- Conference: New England Conference
- Record: 4–8 (1–2 NEC)
- Head coach: Sumner A. Dole (1st season);
- Home arena: Hawley Armory

= 1923–24 Connecticut Aggies men's basketball team =

American college basketball season

The 1923–24 Connecticut Aggies men's basketball team represented Connecticut Agricultural College, now the University of Connecticut, in the 1923–24 collegiate men's basketball season. The Aggies completed the season with a 4–8 overall record. The Aggies were members of the New England Conference, where they ended the season with a 1–2 record. The Aggies played their home games at Hawley Armory in Storrs, Connecticut, and were led by first-year head coach Sumner A. Dole.

==Schedule ==

| Date time, TV | Rank^{#} | Opponent^{#} | Result | Record | Site (attendance) city, state |
Regular Season
|  |  | New Hampshire | L 21–35 | 0–1 (0–1) |  |
| * |  | Springfield | L 24–35 | 0–2 |  |
| * |  | Wesleyan | L 21–41 | 0–3 |  |
| * |  | Tufts | L 25–38 | 0–4 |  |
| * |  | Trinity | W 22–13 | 1–4 |  |
| * |  | Army | L 15–17 | 1–5 |  |
| * |  | Springfield | L 13–34 | 1–6 |  |
| * |  | St.

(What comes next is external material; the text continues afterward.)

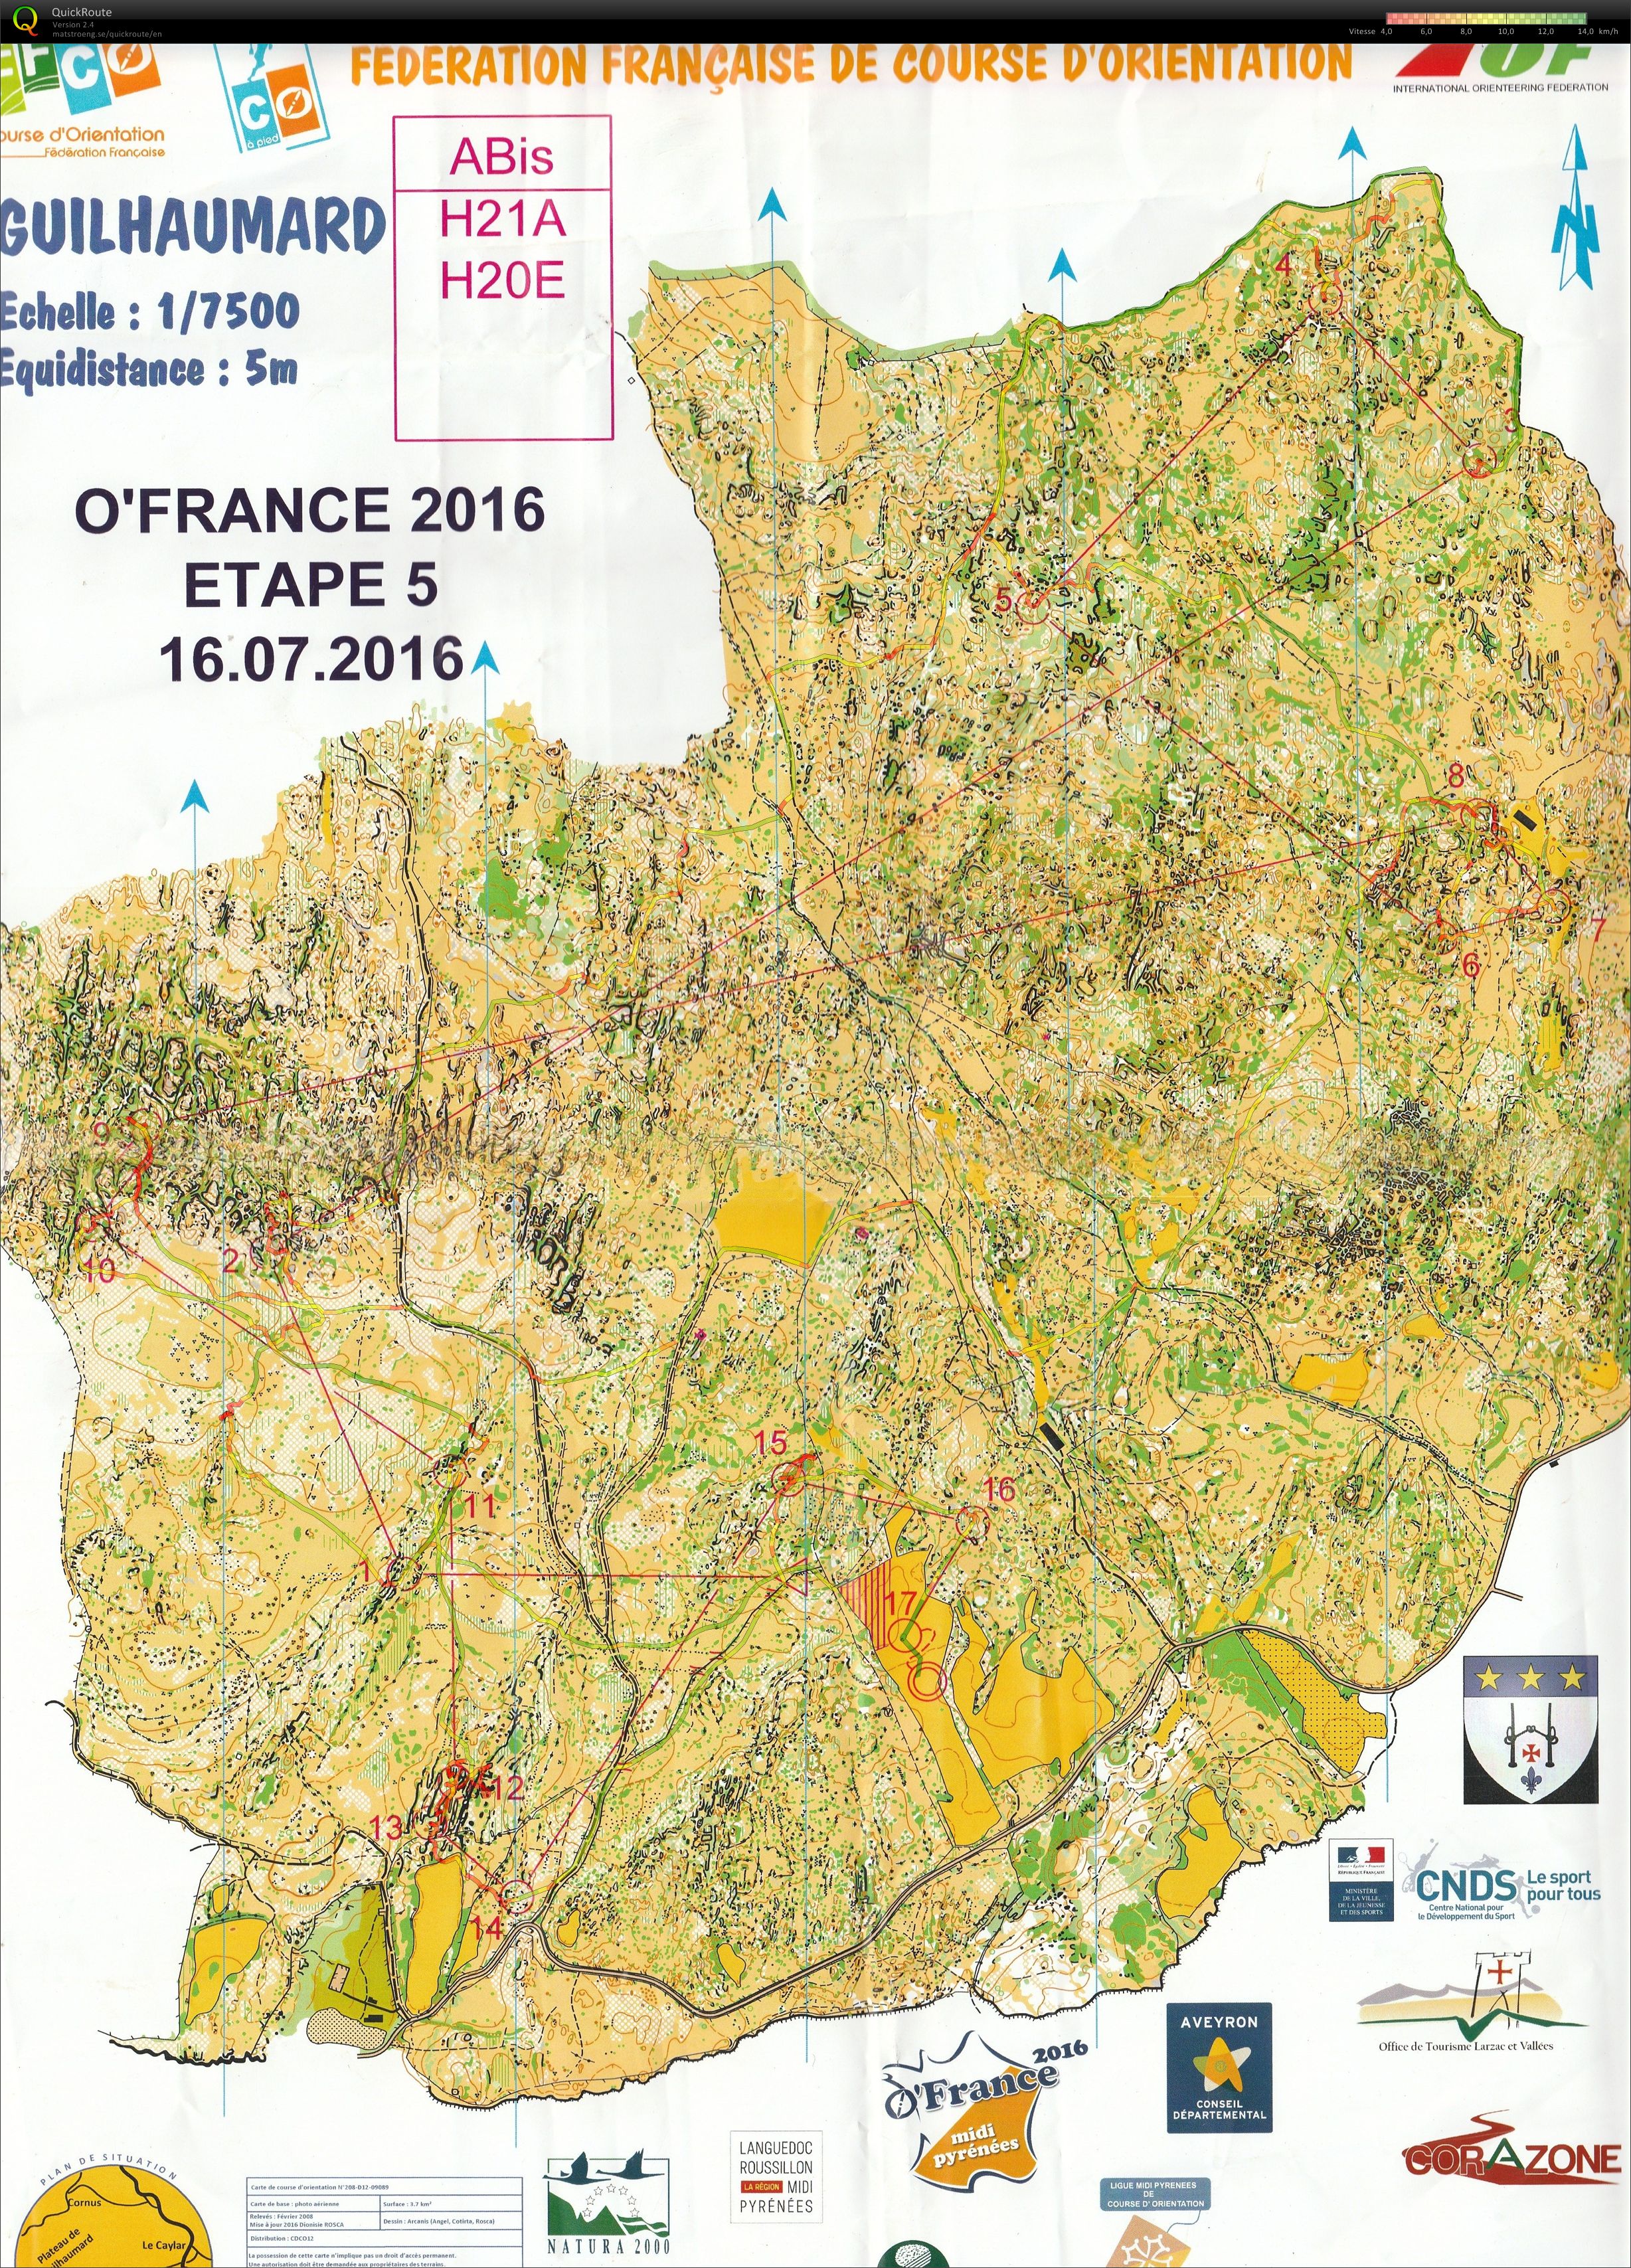 O'France Etape 5 (16/07/2016)

Michael's | W 35–16 | 2–6 |  |
| * |  | Massachusetts | L 18–23 | 2–7 |  |
| * |  | Trinity | W 38–21 | 3–7 |  |
|  |  | Rhode Island | W 42–22 | 4–7 (1–1) |  |
|  |  | Rhode Island | L 28–31 | 4–8 (1–2) |  |
*Non-conference game. ^{#}Rankings from AP Poll. (#) Tournament seedings in parentheses. All times are in Eastern Time.